**TASK ITEM**
Copy nothing but the text: reproduce each line of the listing exactly and leave the pictures out.

**DATASET EXCERPT**
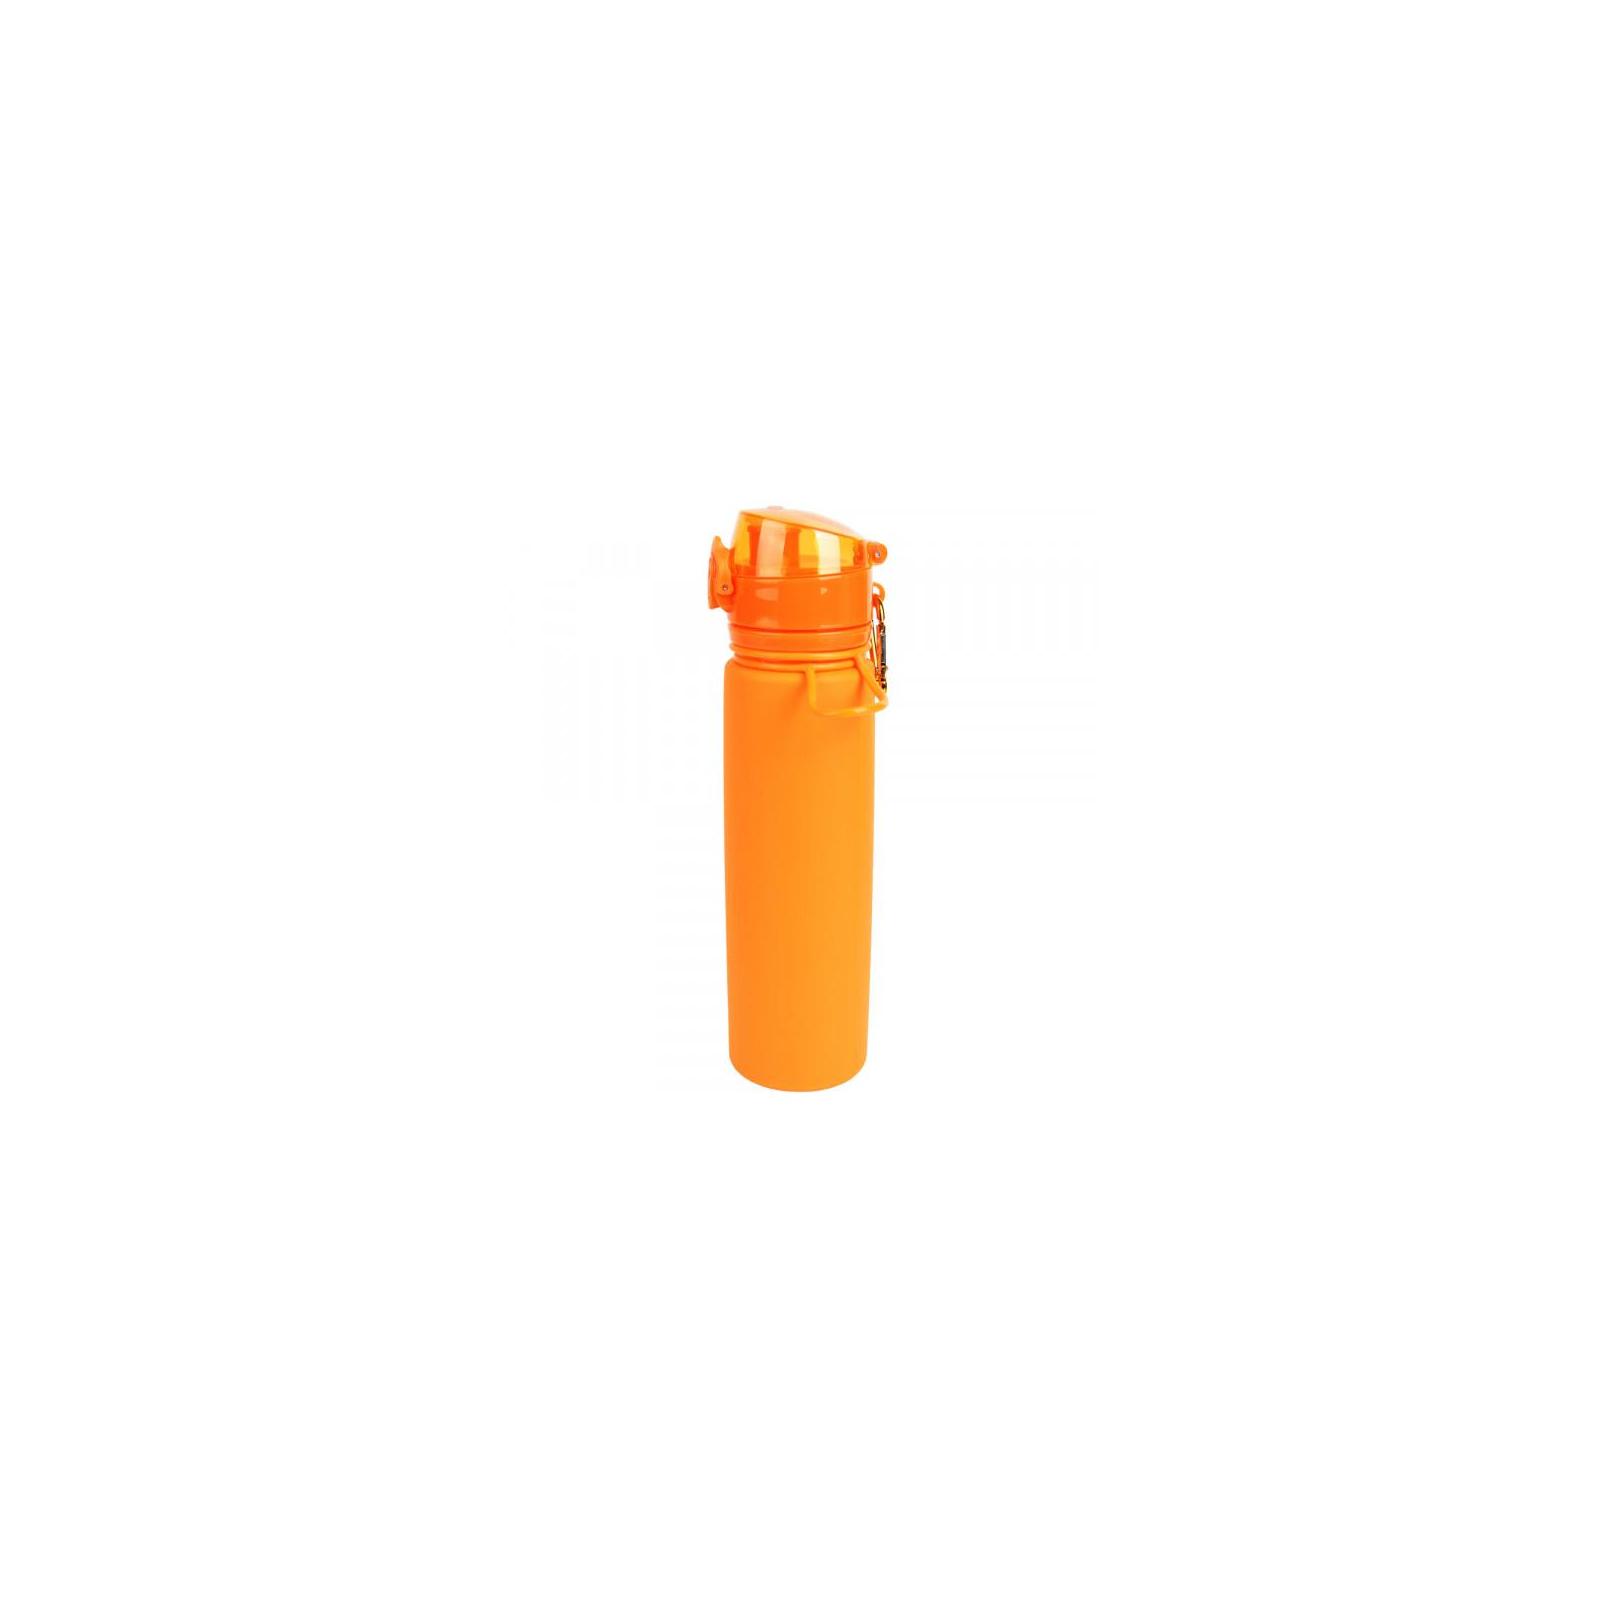 Бутылка для воды Tramp TRC-094 orange (TRC-094-orange)
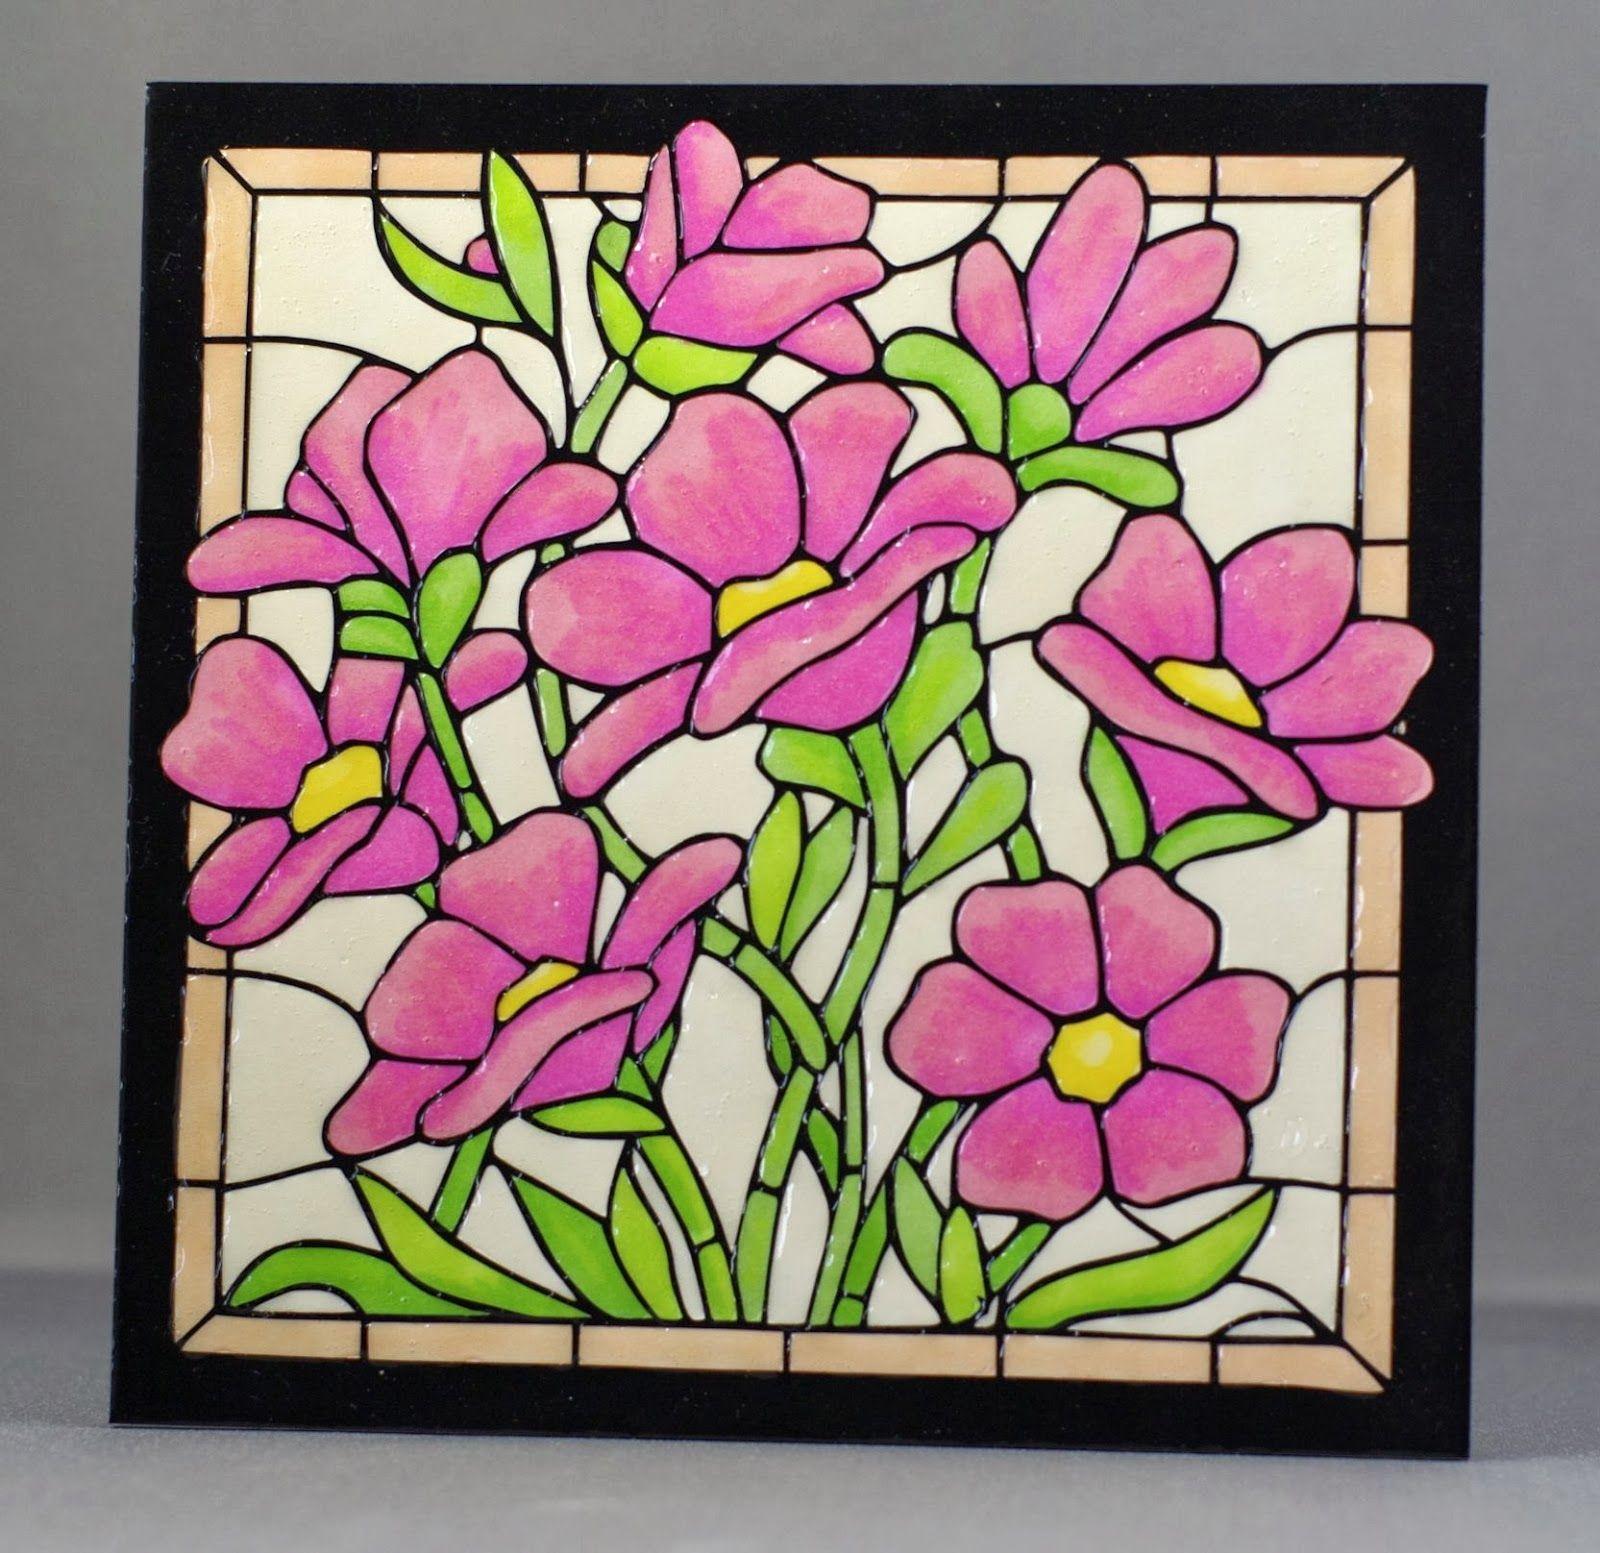 Glass Painting Outline Glass Painting Outline Designs Of Flowers
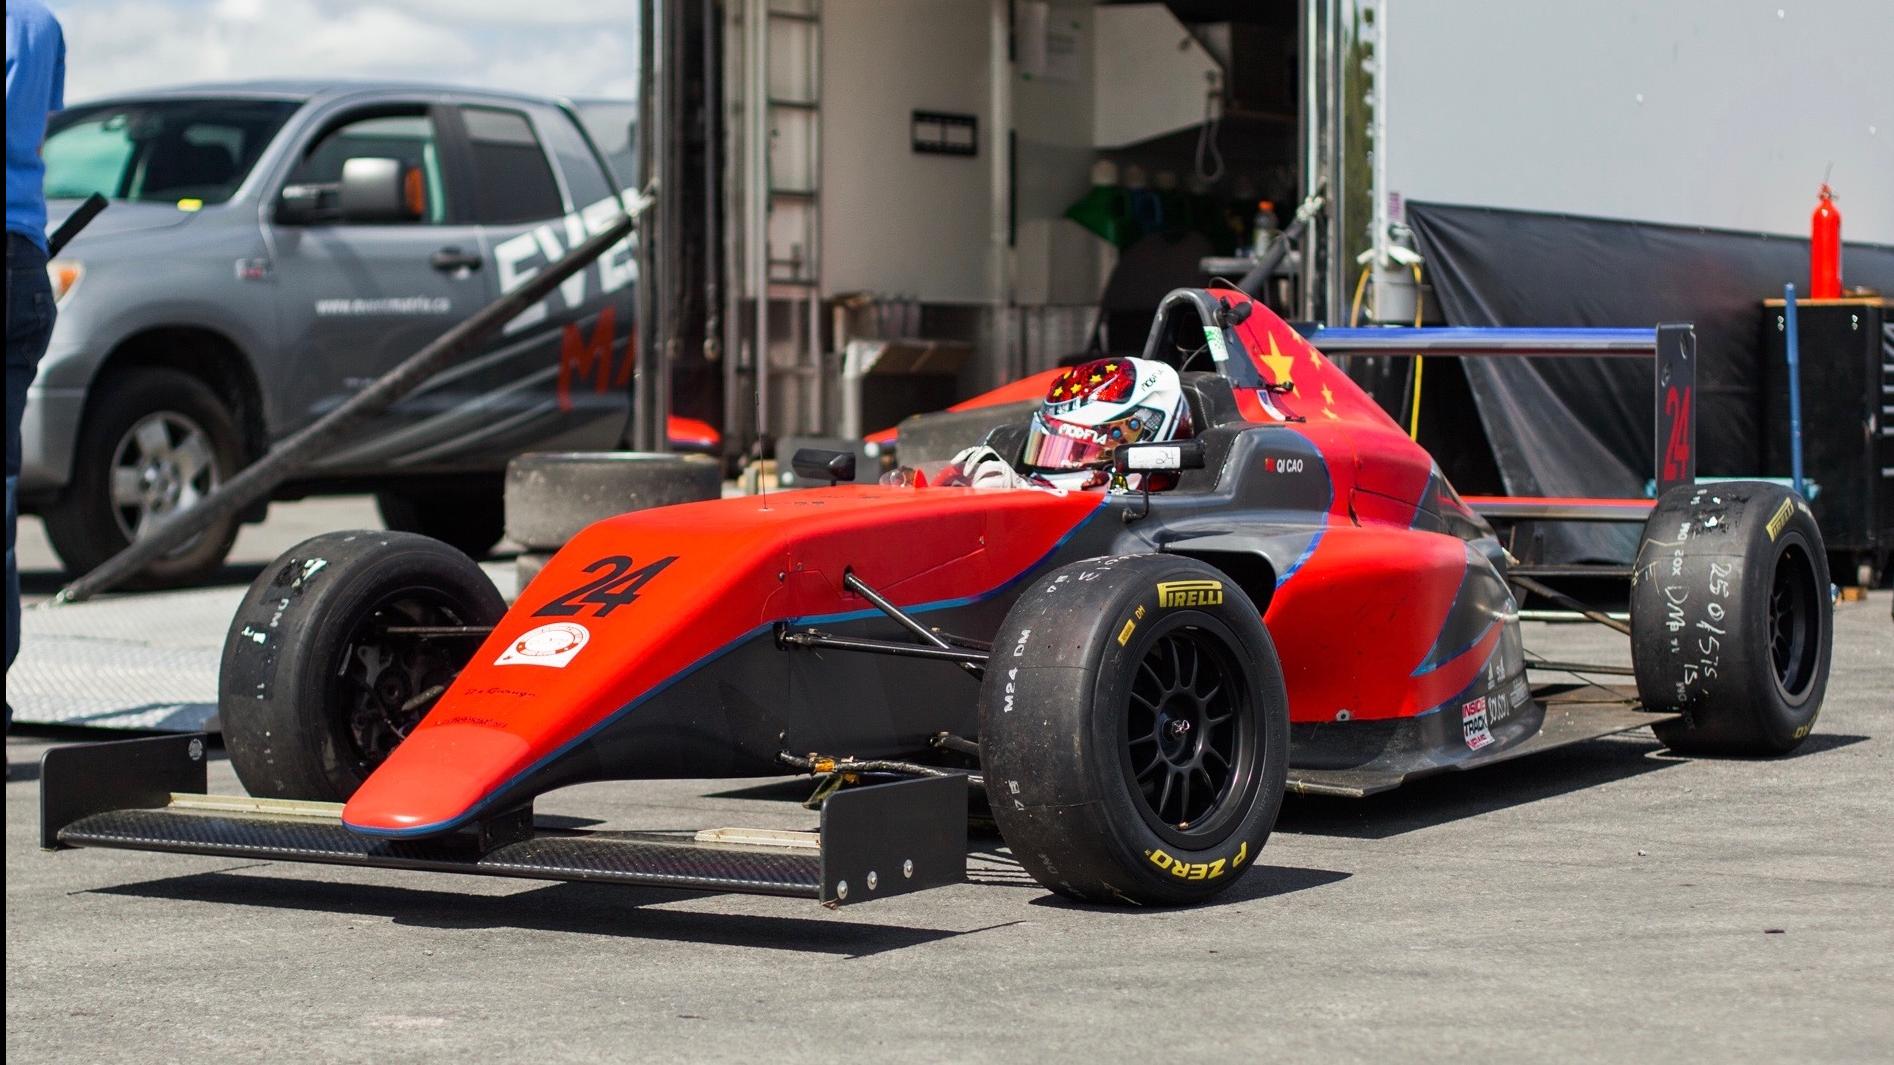 2014 Tatuus F4 – T014 Chassis

**OUTPUT FOR THIS EXERCISE**
 Бутылка для воды Tramp TRC-094 orange (TRC-094-orange)
 Glass Painting Outline Glass Painting Outline Designs Of Flowers
 2014 Tatuus F4 – T014 Chassis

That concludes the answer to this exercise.